Кружки формировались большею частью по губерниям. Были тверичи, смоляне, калужане, и пр. был даже кружок и новороссийских евреев, но тот держался как-то в стороне и вполне изолированно. Жители самой Москвы, особенно аристократического пошиба, не составляли никакого кружка, и ежели у них было что общее, то не иной что как разгул и кутеж, избегаемые прочими как по недостатку средств, так и по убеждению. Аристократы, как и в мое время, приезжали в университет на ухарских рысаках или на мышеобразных пони, постоянно в белых перчатках и говорили между собой не иначе как по-французски. Предметами их разговоров как любителей изящных искусств были: балы с графинями и княжнами, театры с балеринами, цирки с наездницами и хоры с цыганками. Только обожаемые ими мундиры, треуголки и шпаги подменились кратчайшими пиджаками и визитками, белыми жилетами, вычурными галстуками и шляпами ronds, plats[263]
и пр. всех возможных и невозможных фасонов.Для взаимных сношений и во избежание всяких столкновений между кружками, введены были сходки. Место сходок летом назначалось обыкновенно в университетском саду, а зимою в одной какой-нибудь аудитории.
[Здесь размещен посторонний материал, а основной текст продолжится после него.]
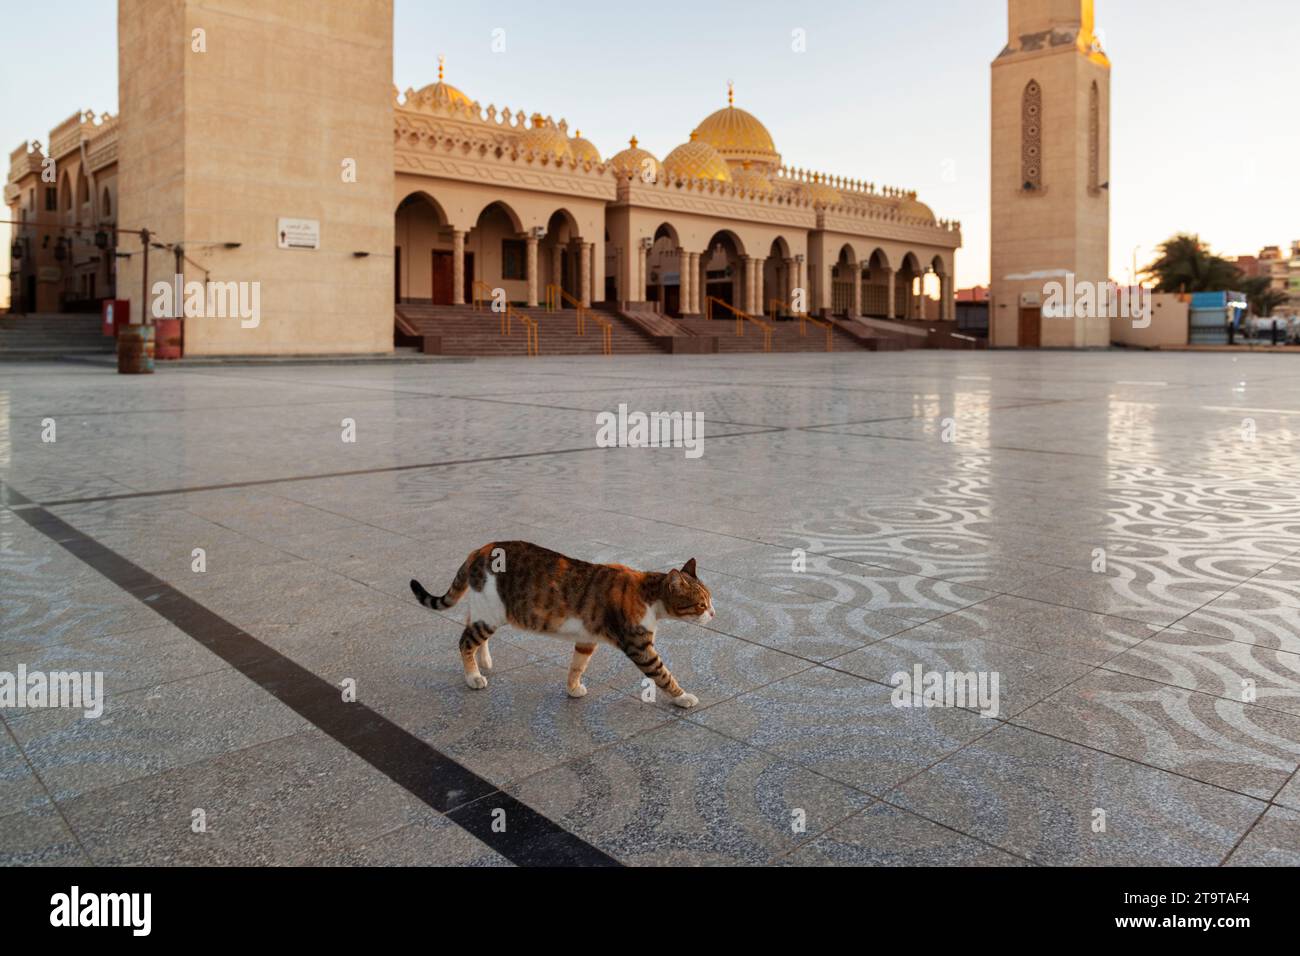 Stray cat walking at the empty square in from of Al Mina Mosque in Hurghada, Egypt Stock Photo

Самым многочисленным и вместе с тем плотнее организованным был польский кружок. И неудивительно. Русские кружки были раздроблены и считали в своем составе только десятки студентов. В польский же кружок входили сотни, прибывшие из огромного пространства от Западной Двины и Днепра до границ империи с Пруссиею и Австриею, т. е. из тех учебных округов, которые лишились в 1831 г. своих университетов.
Каждый член кружка заявлял свои житейские средства и вносил определенный процент с заявленной суммы в общую кассу. Процентный налог соизмерялся потребностями кружка и производился крайне добросовестно. Контроль, пред которым ничто не могло укрываться: ни получаемые из дому деньги, ни приобретенные частными уроками или другими работами доходы, контроль неофициальный, мертвый, не всегда обходимый, а товарищеский, живой и строгий, заставлял всех быть крайне откровенными, и нести этот налог не только без ропота, но даже с каким-то предупредительным рвением. Многие добровольно уплачивали значительно более причитающегося за ними. К чести кружка должно заметить, что ценз взносы не давал всем взносившему никаких особенных преимуществ.
Собранная сумма возрастала коммерческими оборотами, а именно: 1. Каждый член кружка, обеспеченный или необеспеченный, за поручительством обеспеченного, в случае крайней необходимости мог взять заимообразно, из кассы, нужное ему кол-во на короткий срок, с уплатою одного процента за это время. 2. В разных местностях обширной Москвы устраивались мелочные лавочки. Товары для снабжения их закупались оптом, прямо из фабрик или заводов, а продавались врозь по общепринятым ценам всем покупателям за исключением членов кружка, получавших из лавок чай, сахар, табак, писчую бумагу, свечи и пр. по ценам фабричным.
Главными статьями расхода были: во 1) ежемесячное безвозмездное вспомоществование неимущим товарищам по 5 рубл. 2) плата за свидетельство на право торговли в лавочках, наем помещения и сидельца, закупку товаров и пр. 3) приобретение книг, как научных, так и литературных, на всех без различия языках, для кружковой библиотеки. Библиотека составляла общее достояние и отличалась как выбором, так и числом входящих в нее сочинений. После расходы увеличивались вновь явившимися потребностями, вызванными безотрадным положением учебного дела в белорусском округе.
Трудно представить, как низок был уровень знаний кончивших курс гимназий в Литве и Белоруссии. Слушать профессорские лекции для них было впрямь невозможно. В учителя поступали в виде обрусителей люди, нисколько не подготовленные и даже нисколько не способные. За малыми исключениями это были по большей части бурсаки из великорусских губерний, убоявшиеся бездны премудрости[264]
. Были и канцелярские служители, получившие за выслугу лет чин XIV класса – отъявленные пропойцы и забулдыги. Даже унтер-офицера, выдержавшие экзамены в гимназиях на первый офицерский чин, высылались в уездные учителя. Можно судить, что и как преподавали такие личности, и легко понять, что, кроме отвращения и пренебрежения к себе, они ничего не могли возбудить в окружающей их среде. Дело обрусения по так мило придуманному плану, вместо успеха понесло, как и следовало по порядку вещей, блистательное фиаско, заставившее потом прибегать к муравьевскому террору.